Nikt nigdy nie dowiedział się, co w danej chwili myślał Neville, jeżeli nawet nie były to przechwałki. Na ścianie obok arrasu z Prorokiem Lebiodą pojawił się nagle świetlisty czworokąt, coś błysnęło, po czym na środku ratuszowej komnaty wylądował… Jaskier.

— Niewinny! — wrzasnął poeta czyściutkim, dźwięcznym tenorem, siedząc na podłodze i wodząc dookoła błędnym wzrokiem. - Niewinny! Wiedźmin jest niewinny! Życzę sobie, by w to uwierzono!

— Jaskier! — krzyknął Geralt, powstrzymując Kreppa, najwyraźniej szykującego się do egzorcyzmowania, a kto wie, czy nie klątwy. - Skąd ty… tutaj… Jaskier!

— Geralt! — bard zerwał się z podłogi.

— Jaskier!

— Co to za jeden? — warknął Neville. - Do jasnej cholery, jeśli nie zaprzestaniecie czarów, to nie ręczę za siebie. Powiedziałem, w Rinde czarować nie wolno! Najpierw trzeba złożyć pisemne podanie, potem uiścić podatek i opłatę skarbową… Ejże? Czy to aby nie ten śpiewak, zakładnik wiedźmy?

— Jaskier — powtórzył Geralt, trzymając poetę za ramiona. - Jak się tu dostałeś?

— Nie wiem — przyznał bard z głupią i zatroskaną miną. - Mówiąc szczerze, jestem raczej nieświadom, co się ze mną działo. Pamiętam niewiele i niech mnie zaraza, jeśli wiem, co z tego było jawą, a co koszmarem. Przypominam sobie jednak niebrzydką czarnulkę o ognistych oczach…

— Co wy mi tu o czarnulkach — przerwał gniewnie Neville. - Do rzeczy, mospanie, do rzeczy. Wrzeszczeliście, że wiedźmin jest niewinny. Jak mam to rozumieć? Że niby Wawrzynosek sam, własnoręcznie obił sobie dupę? Bo jeśli wiedźmin jest niewinny, to inaczej być nie mogło. Chyba że była to zbiorowa halucynacja.

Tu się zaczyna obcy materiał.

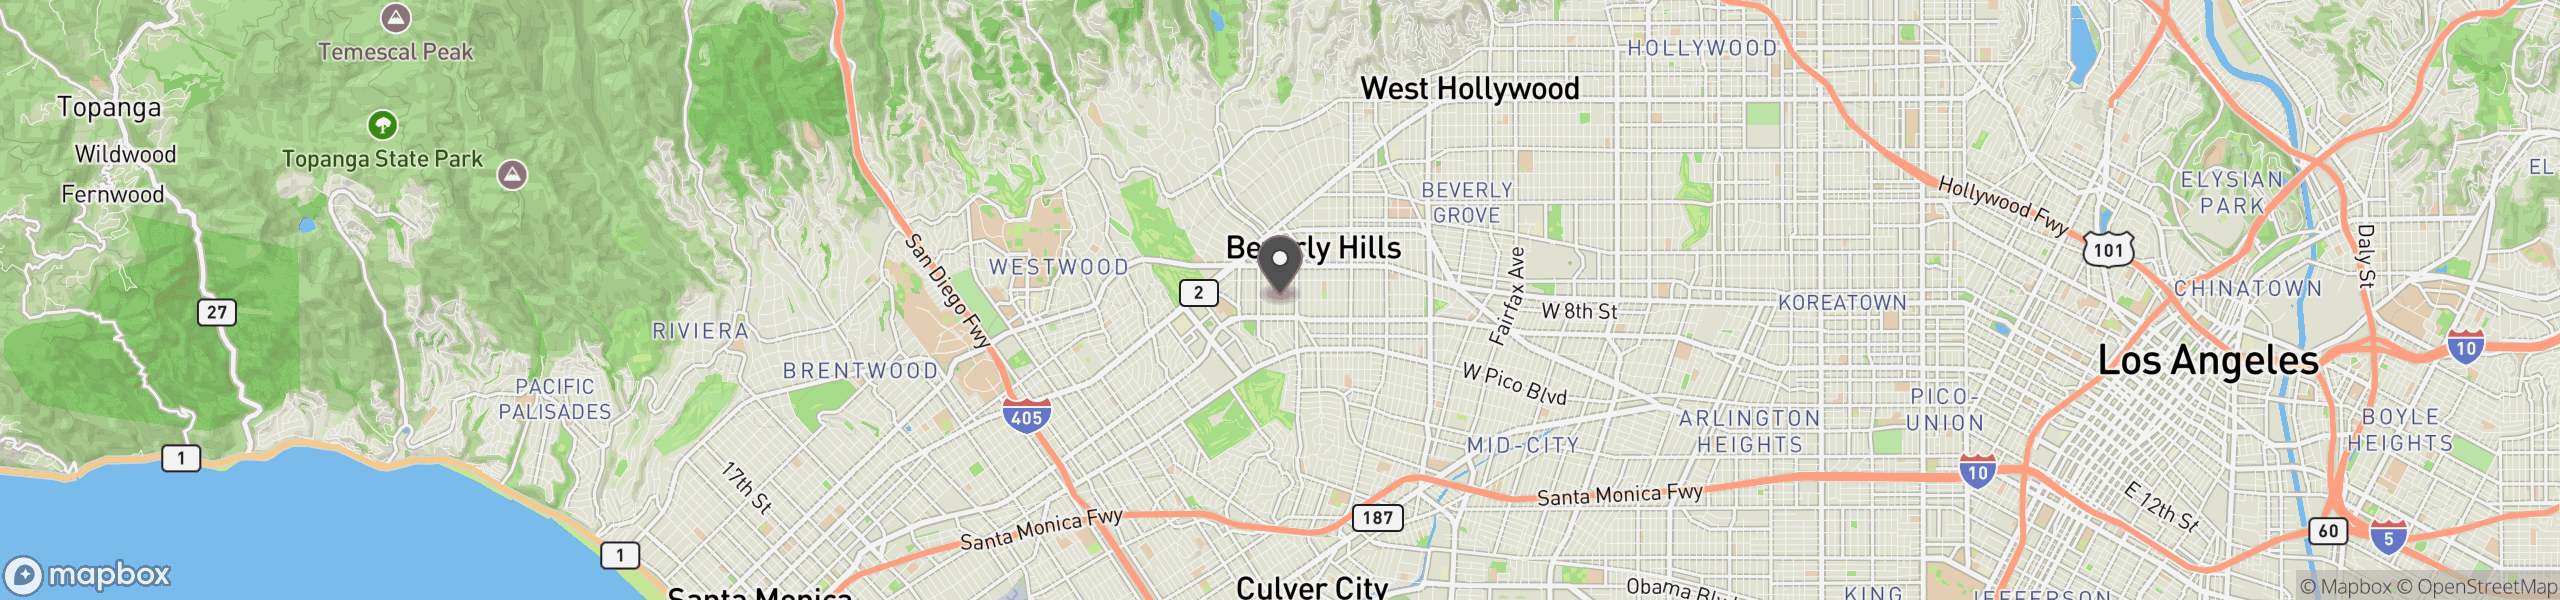 Beverly Hills, CA 90212
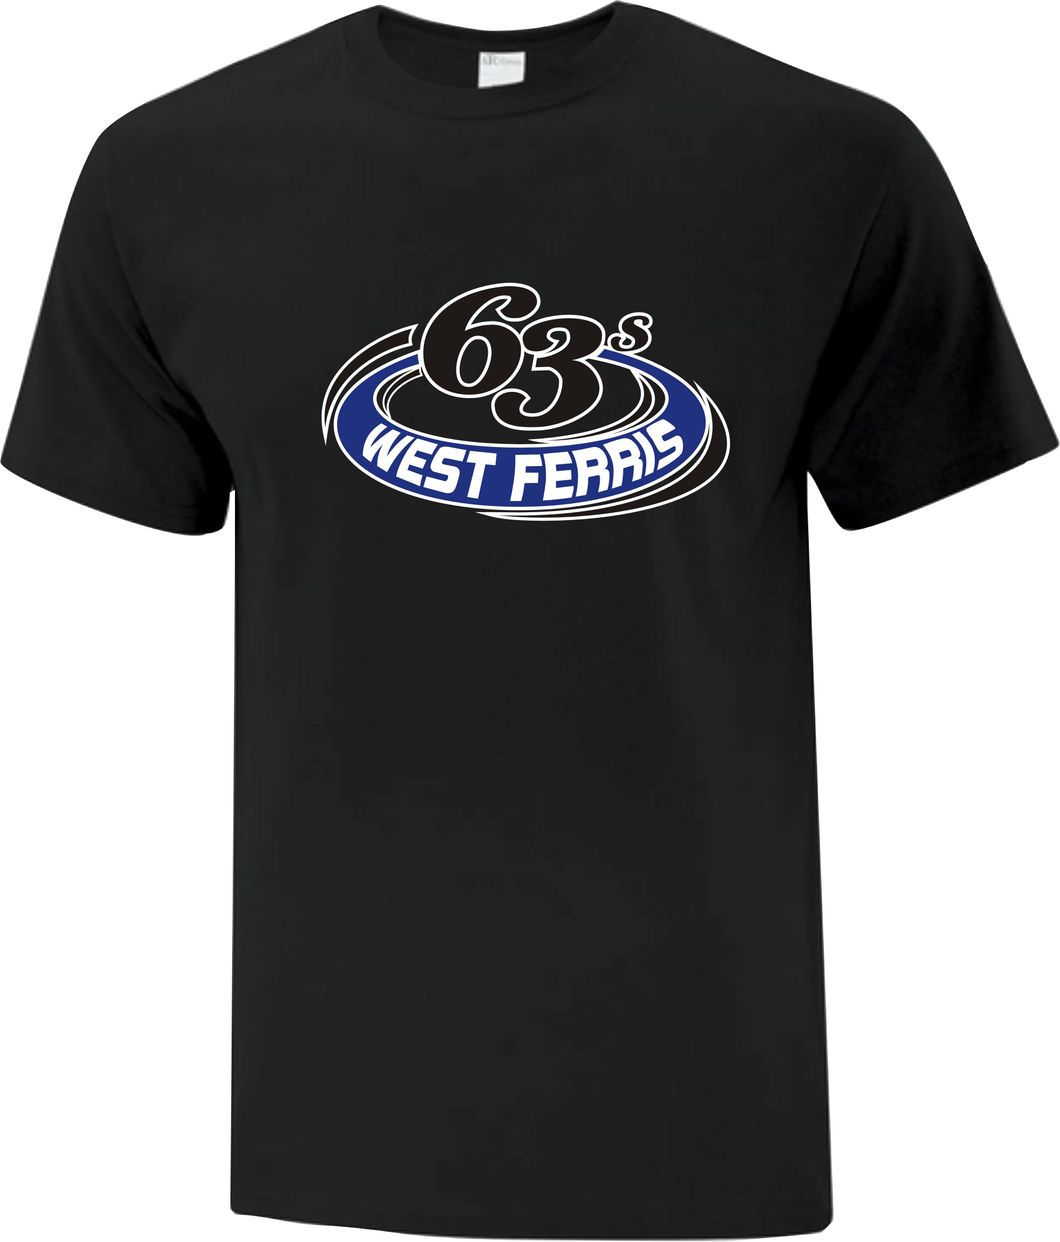 West Ferris 63's T-shirt

— Nic mi nie wiadomo o dupach ani halucynacjach — rzekł dumnie Jaskier. - Ani o wawrzynowych noskach. Powtarzam, ostatnie, co pamiętam, to była elegancka kobieta ubrana w gustownie skomponowaną czerń i biel. Wzmiankowana wrzuciła mnie brutalnie do świecącej dziury, niechybnie portalu magicznego. A przedtem wydała mi wyraźne i dobitne polecenie. Po przybyciu na miejsce miałem bezzwłocznie oświadczyć, cytuję: "Życzeniem moim jest, by mi uwierzono, że wiedźmin nie ponosi winy za to, co się stało. Takie, nie inne, jest moje życzenie." Dosłownie tak. Owszem, pytałem, w czym rzecz, o co chodzi i po co to wszystko. Czarnulka nie dała mi dojść do słowa. Obrugała mnie nieelegancko, wzięła za kark i wrzuciła w portal. To wszystko. A teraz…

Jaskier wyprostował się, otrzepał kubrak, poprawił kołnierz i fantazyjny, acz brudny żabot.

— …zechcą mi panowie powiedzieć, jak nazywa się i gdzie się znajduje najlepsza w tym mieście oberża.

— W moim mieście nie ma złych oberży — powiedział wolno Neville. - Ale zanim będziesz się mógł o tym przekonać, obejrzysz dokładnie najlepszy w tym mieście loch. Ty i twoi kompani. Jeszcze nie jesteście na wolności, łajdacy, przypominam! Widzicie ich! Jeden opowiada niestworzone historie, a drugi wyskakuje ze ściany i krzyczy o niewinności, życzę sobie, wrzeszczy, by mi uwierzono.

Ma czelność życzyć sobie…

— Bogowie! — kapłan chwycił się nagle za łysinę. - Teraz rozumiem! Życzenie! Ostatnie życzenie!

— Co się wam stało, Krepp? — burmistrz zmarszczył czoło. - Chórzyście?